> _Exercise description_
Copy, word for word, the lines below from the one containing "Marangu waterfall in Tanzania Stock Photo" up to and including the one containing "Kenapa Hitungan Usia", with pictures left out.

> _Extracted entries_
○ ○ ○

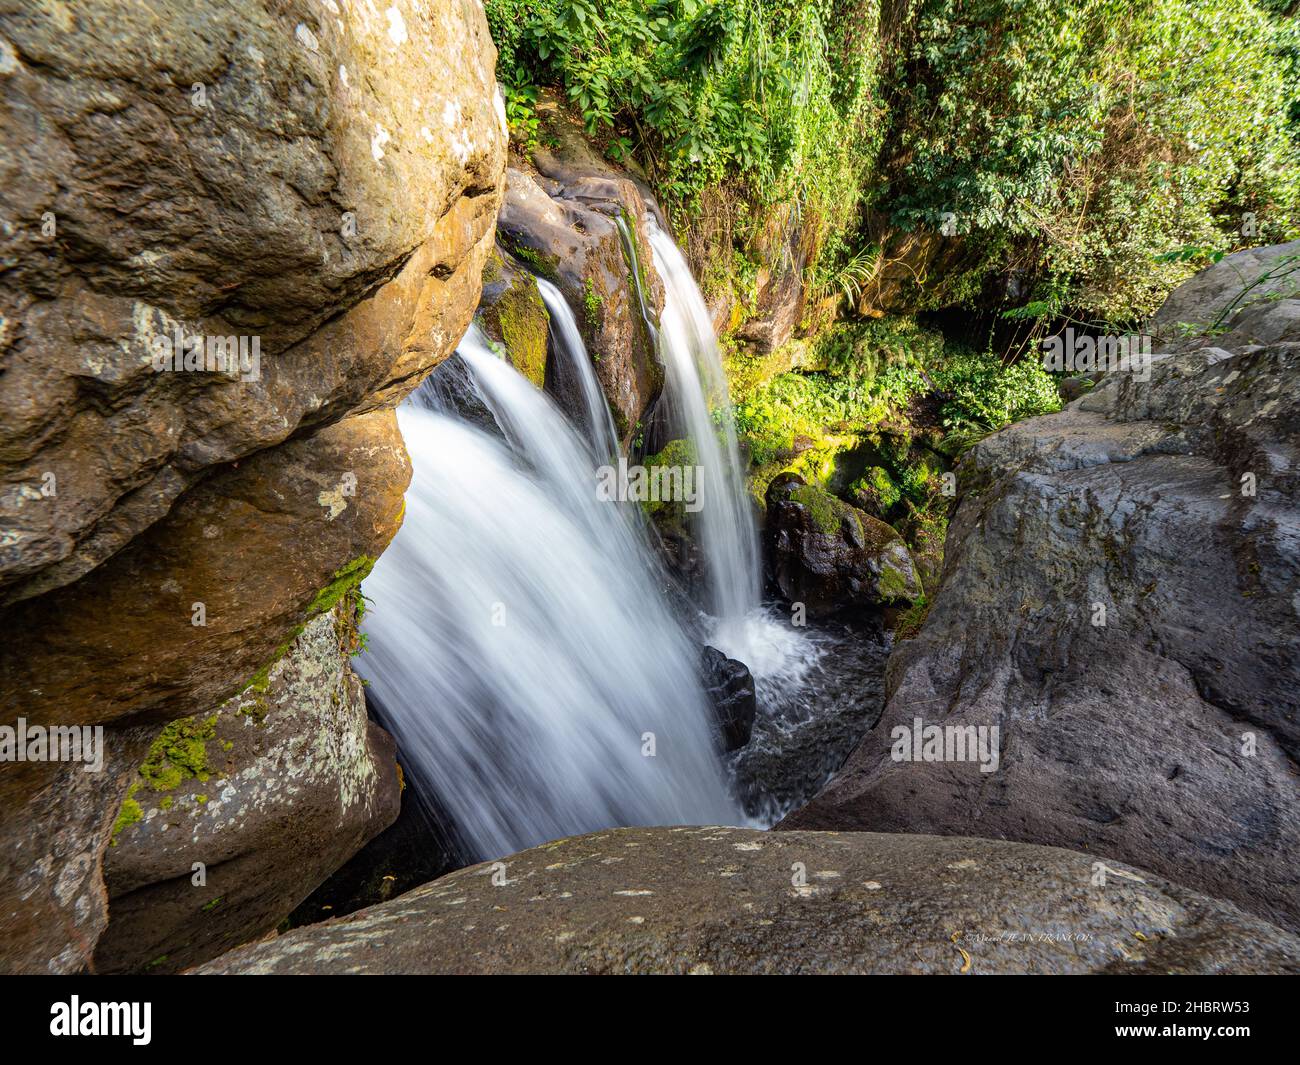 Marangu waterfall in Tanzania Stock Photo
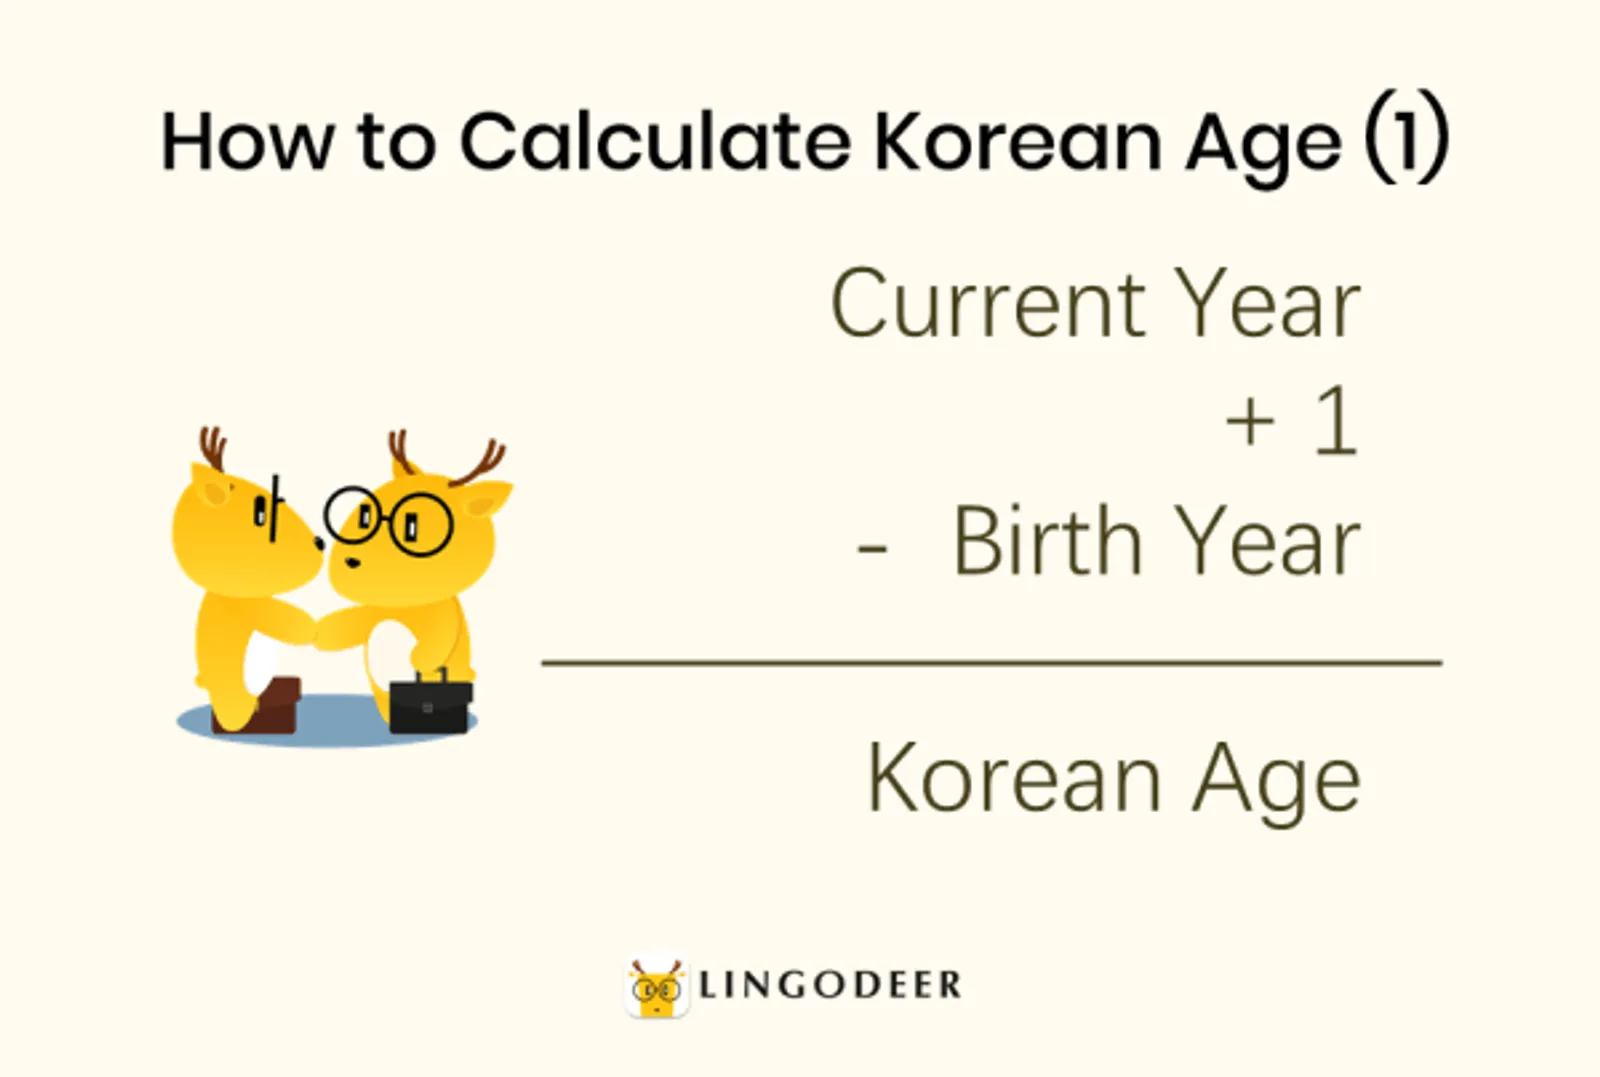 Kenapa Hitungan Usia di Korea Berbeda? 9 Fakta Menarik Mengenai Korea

○ ○ ○

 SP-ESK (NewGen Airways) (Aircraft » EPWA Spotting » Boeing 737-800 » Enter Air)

○ ○ ○

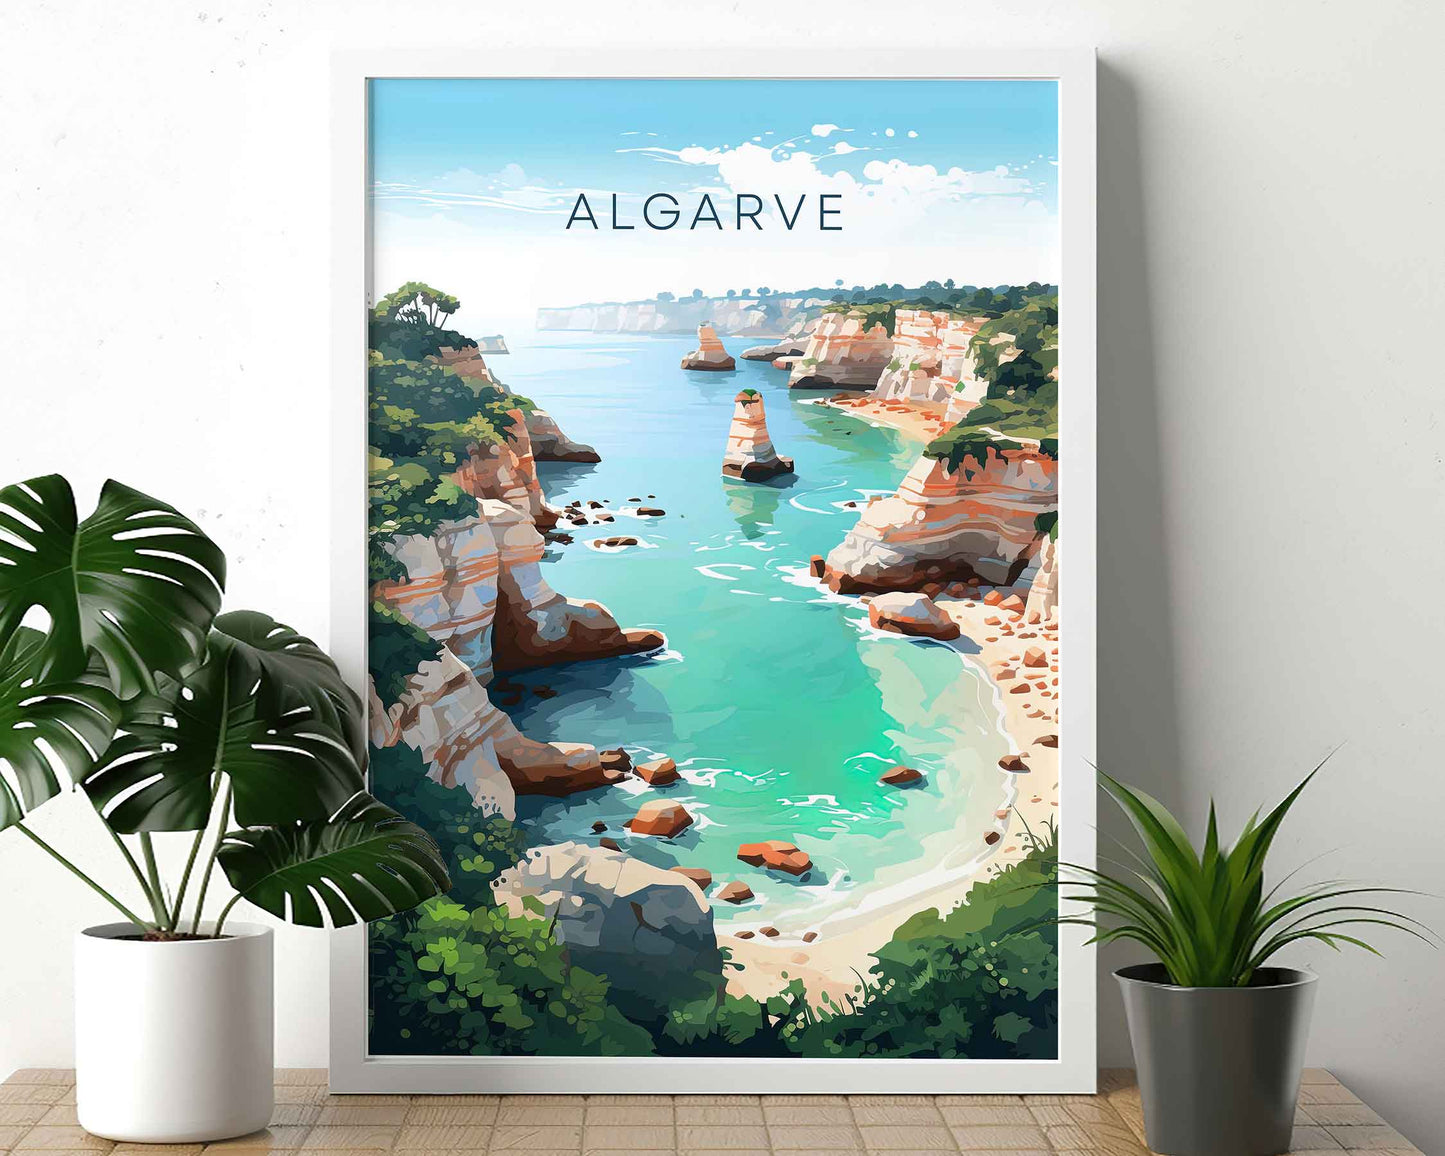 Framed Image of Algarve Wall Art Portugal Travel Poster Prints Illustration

○ ○ ○

> _Output of the task_
 Marangu waterfall in Tanzania Stock Photo
 Kenapa Hitungan Usia di Korea Berbeda? 9 Fakta Menarik Mengenai Korea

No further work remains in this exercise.